A little change in notation might help in answering your question: What you call $\mu$ is often called $\mu_{0}$ because it is the population mean under the null hypothesis, whereas $\mu$ is the actual population mean - which is unknown because we don't know whether the null hypothesis is true. Also, what you call $\sigma$ is usually called $s$ following the convention that population parameters get greek letters, and sample parameters are denoted by latin letters.
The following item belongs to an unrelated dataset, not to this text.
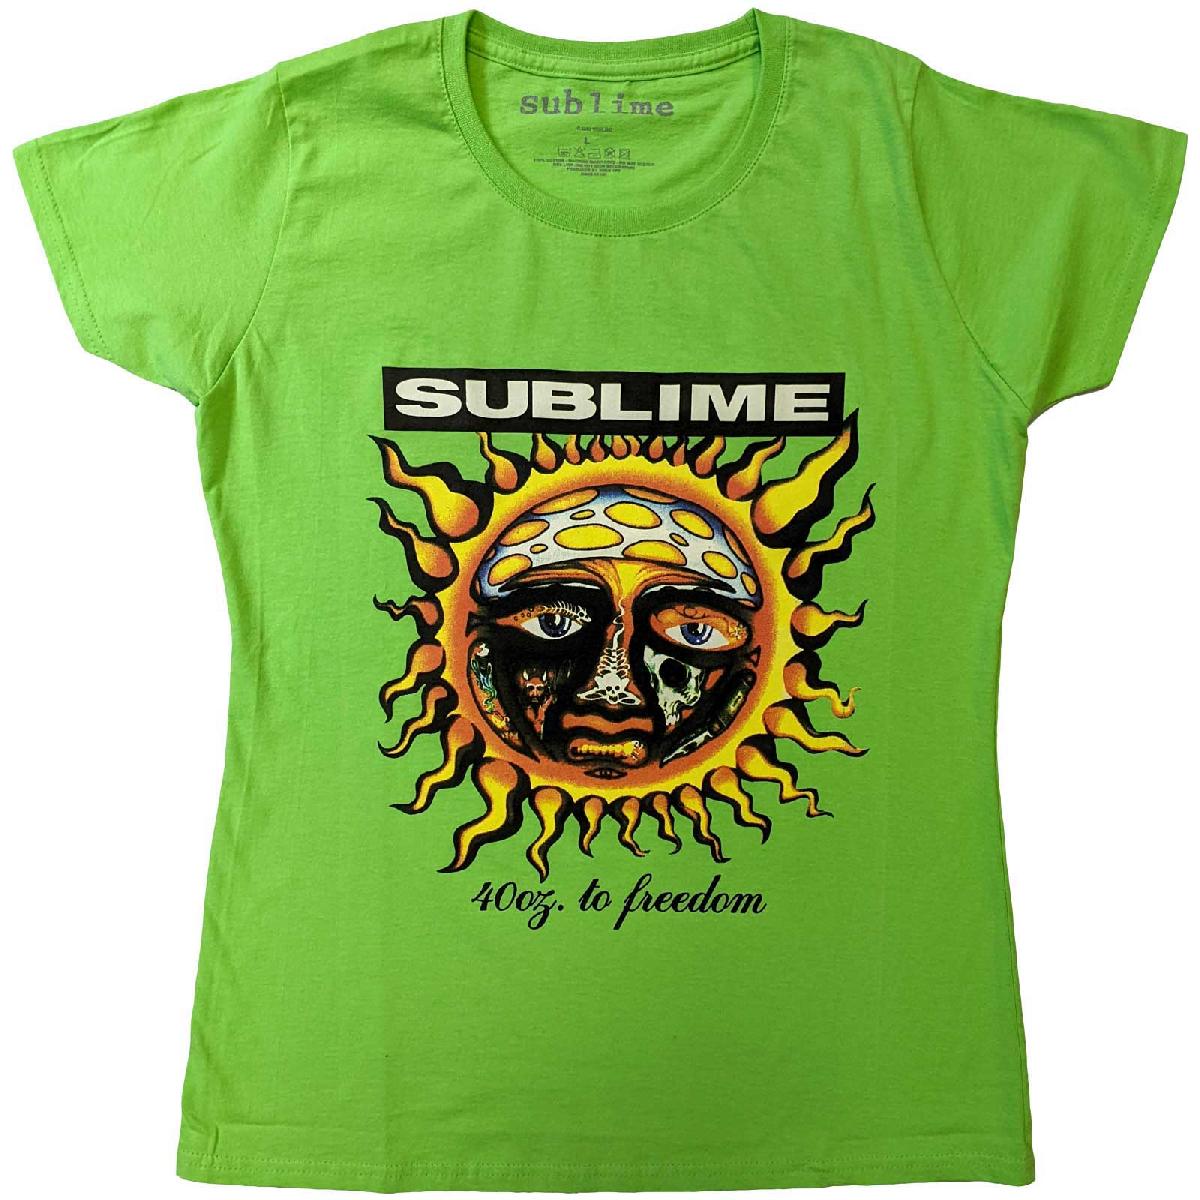 Sublime Ladies T-Shirt: 40oz To Freedom

Note that $s / \sqrt{n}$ is the standard error of the mean $\bar{X}$ (SEM) - an estimate of the variablity of $\bar{X}$, where $\bar{X}$ is understood as a random variable. So we have
$t = \frac{\bar{X} - \mu_{0}}{s / \sqrt{n}}$
Now, for a given sample, you have a fixed empirical $\bar{X}_{emp}$, and thus a fixed difference $d_{emp} = \bar{X}_{emp} - \mu_{0}$. Part of the confusion seems to be related to the idea that "a bigger sample size (higher $n$) should give sample mean closer to population mean". This should be rephrased to conditional on the null hypothesis being true ($\mu = \mu_{0}$), the probability of observing a difference $d = \bar{X} - \mu_{0}$ that is at least as large as the already observed $d_{emp}$ becomes smaller when $n$ increases. This is because the "accuracy" of our estimator $\bar{X}$ then increases (variability decreases).
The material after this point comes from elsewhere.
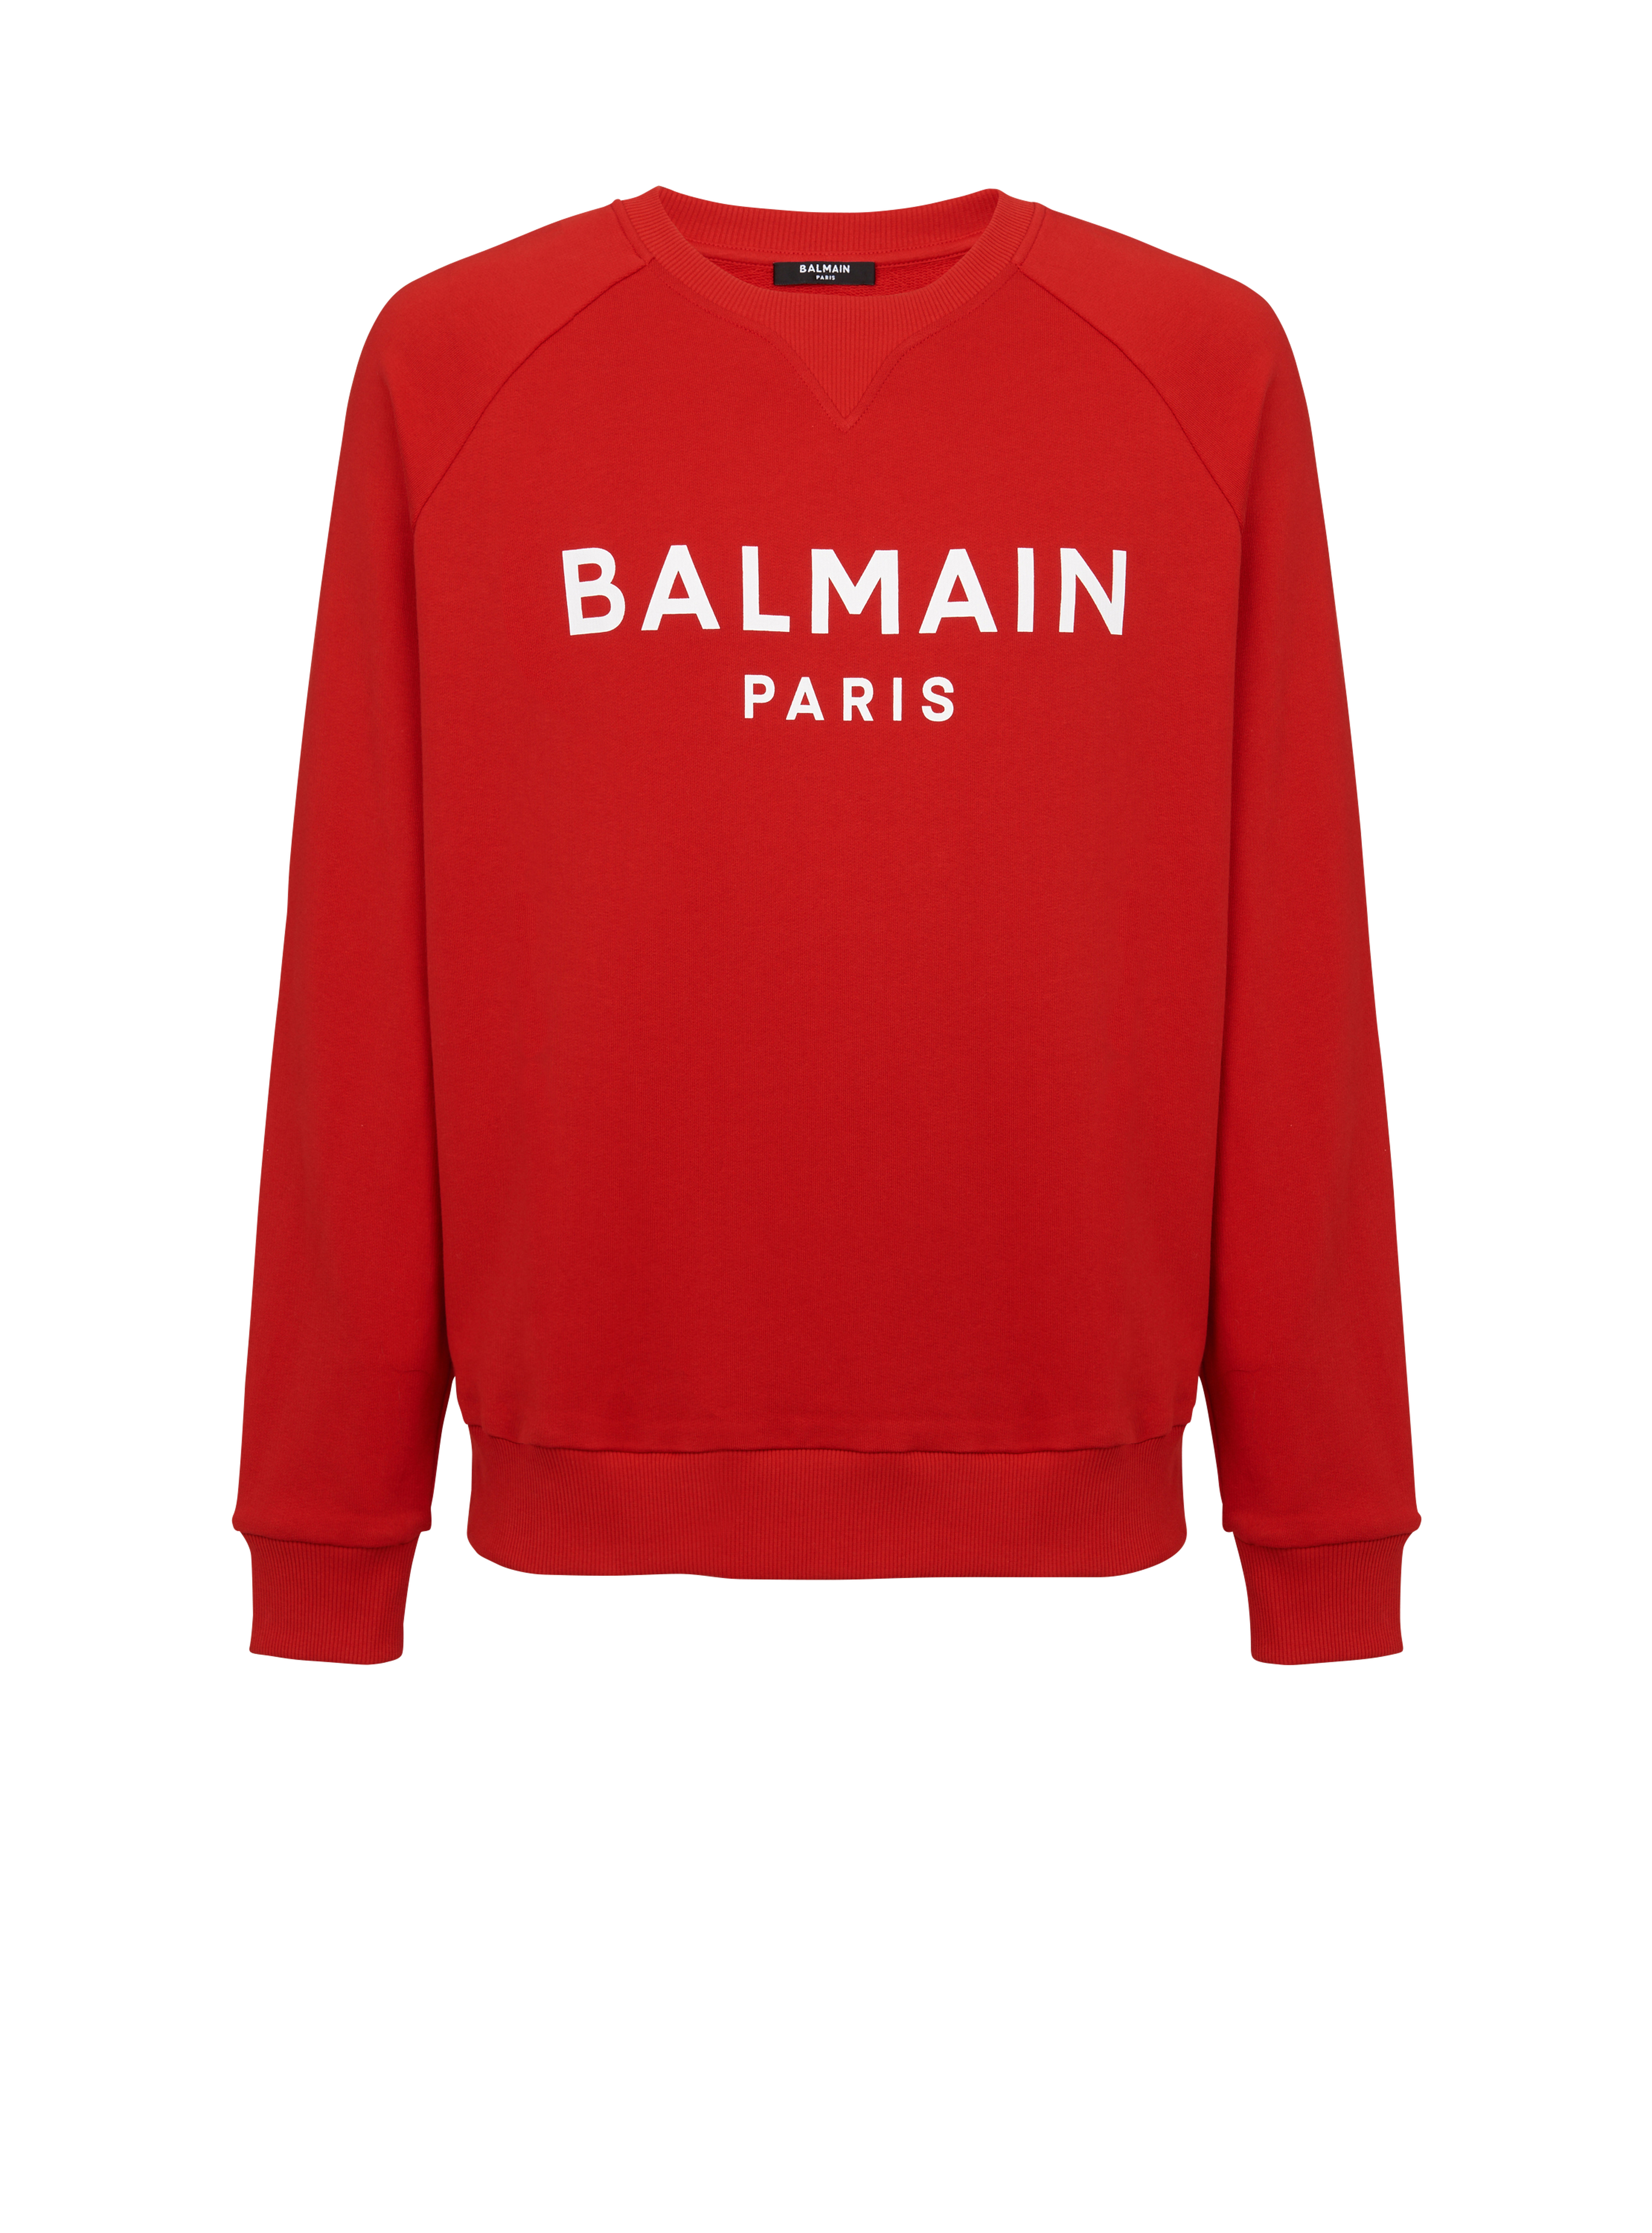 Felpa in cotone con logo Balmain Paris floccato, rosso

I guess the main point is that you already have a fixed $\bar{X}_{emp}$ and thus $d_{emp}$, and $t$ just tells you how "big that difference is" measured in (estimated) units of variability of $\bar{X}$. When the units become smaller in absolute numbers, the same absolute difference $d_{emp}$ will "be worth more units" and will thus count as "more suprisingly high" (= less likely to occur) if $\mu = \mu_{0}$.